This show from Breach Theatre looks at the story of a woman who talked to dolphins
People are weird. In 1963 NASA set up a research laboratory, headed up by a scientist called John Lilly, with the aim of teaching dolphins to talk English through their blow holes. Along the way they injected the dolphins with LSD, made a water-tight office and put a young researcher inside it. There she lived for three months with a dolphin called Peter.
It’s an extraordinary story and one that is taken up by Breach Theatre, the company behind 2015 Fringe hit The Beanfield. Here they take a slightly tongue-in-cheek approach to the tale, introducing us to the backstory of a woman called Margaret, who one day made her way to NASA’s laboratory on the island of St Thomas to help with the Cetacea. The only information the company have about her work with Peter are the verbatim tapes of some of the experiments. The company fill in the gaps, but nothing is simple: several different versions of the story are offered up. In one moment Margaret is meek, cute and obsessed with dolphins, in another she is a strong, pioneering woman.

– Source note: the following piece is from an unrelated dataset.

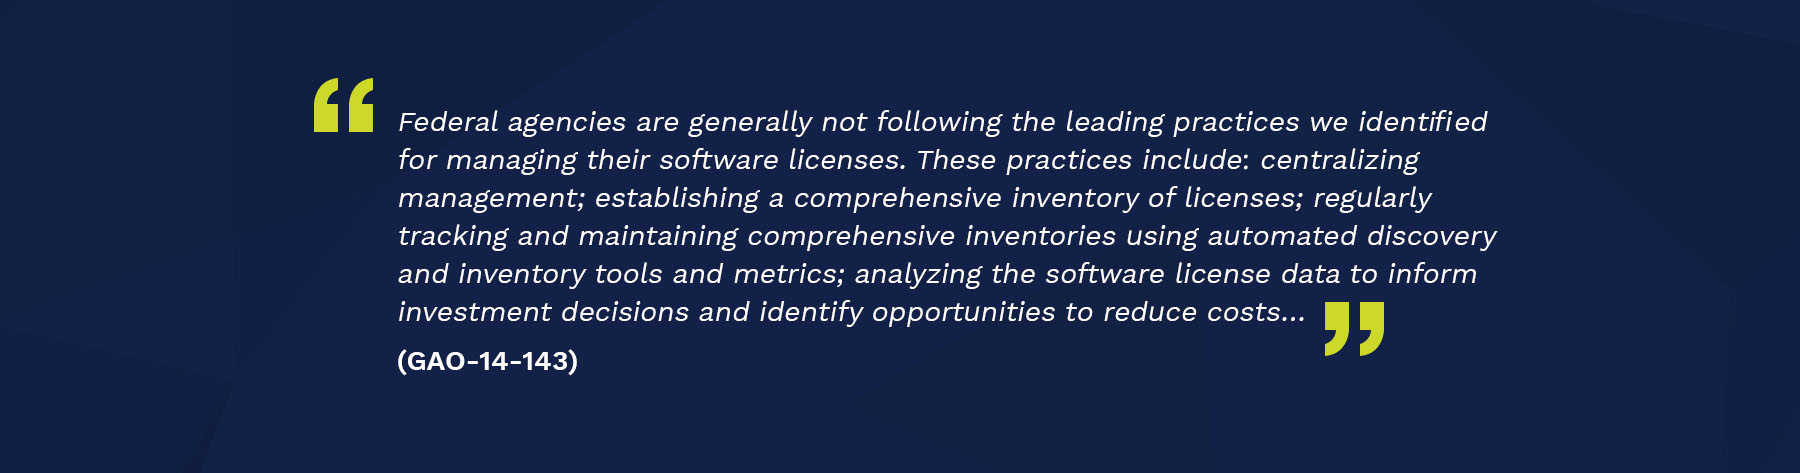 Blue background with quote. text reads: Federal agencies are generally not following the leading practices we identified for managing their software licenses.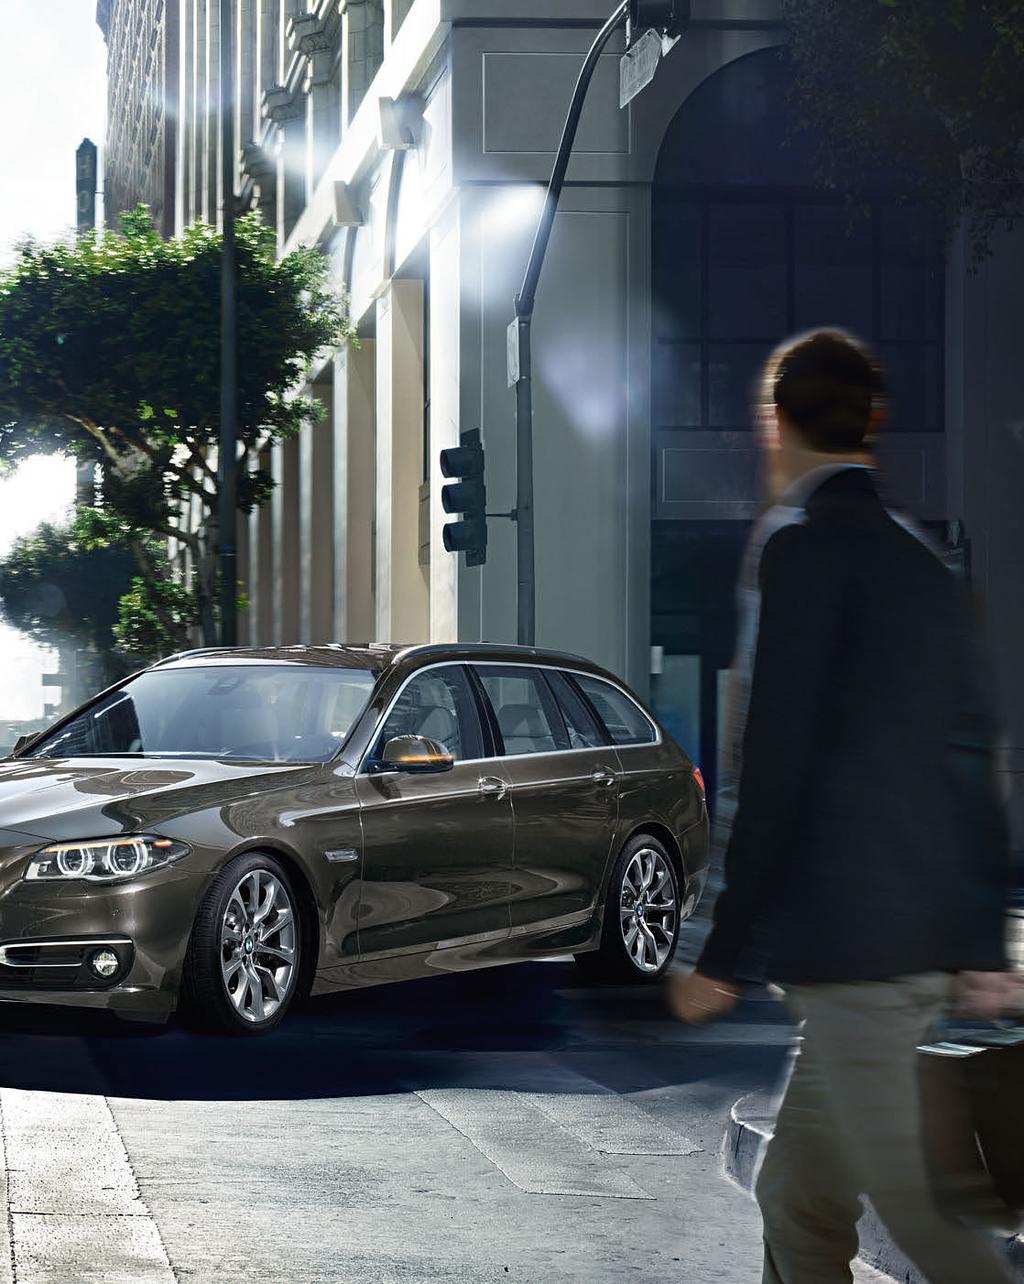 aesthetic of the BMW 5 Series Touring.

On a table it the centre of the stage are two microphones. Into these are spoken the verbatim transcriptions – Margaret’s cooing, cajoling, encouraging voice gets increasingly exasperated, while Peter’s clicking and calling is pretty much constant dolphin gobbledygook. During the time in the water-tight office, both human and dolphin become aggressive, depressed and angry. As we watch them, things are thrown about the stage, clothes are stripped off and human and dolphin end up in a frantic, unhappy desperate dance.
It’s funny and bizarre and then very tragic. An experiment that was supposed to connect person to beast, becomes a disturbing demonstration of the human need to dominate and control. Tank shows us human nature at its most inhuman: it’s the dolphin that really comes off badly here. This is all happening at the height of Cold War paranoia when America and Russia were battling it out to score points off each other. Though there’s care in Margaret’s intentions, the experiment is driven by NASA’s desperation to be the first to crack the dolphin code. Tank is a chilling, unsettling look at what happens when we strive for progress at all costs.
Tank runs at Pleasance Dome at 10.30am until 20 August.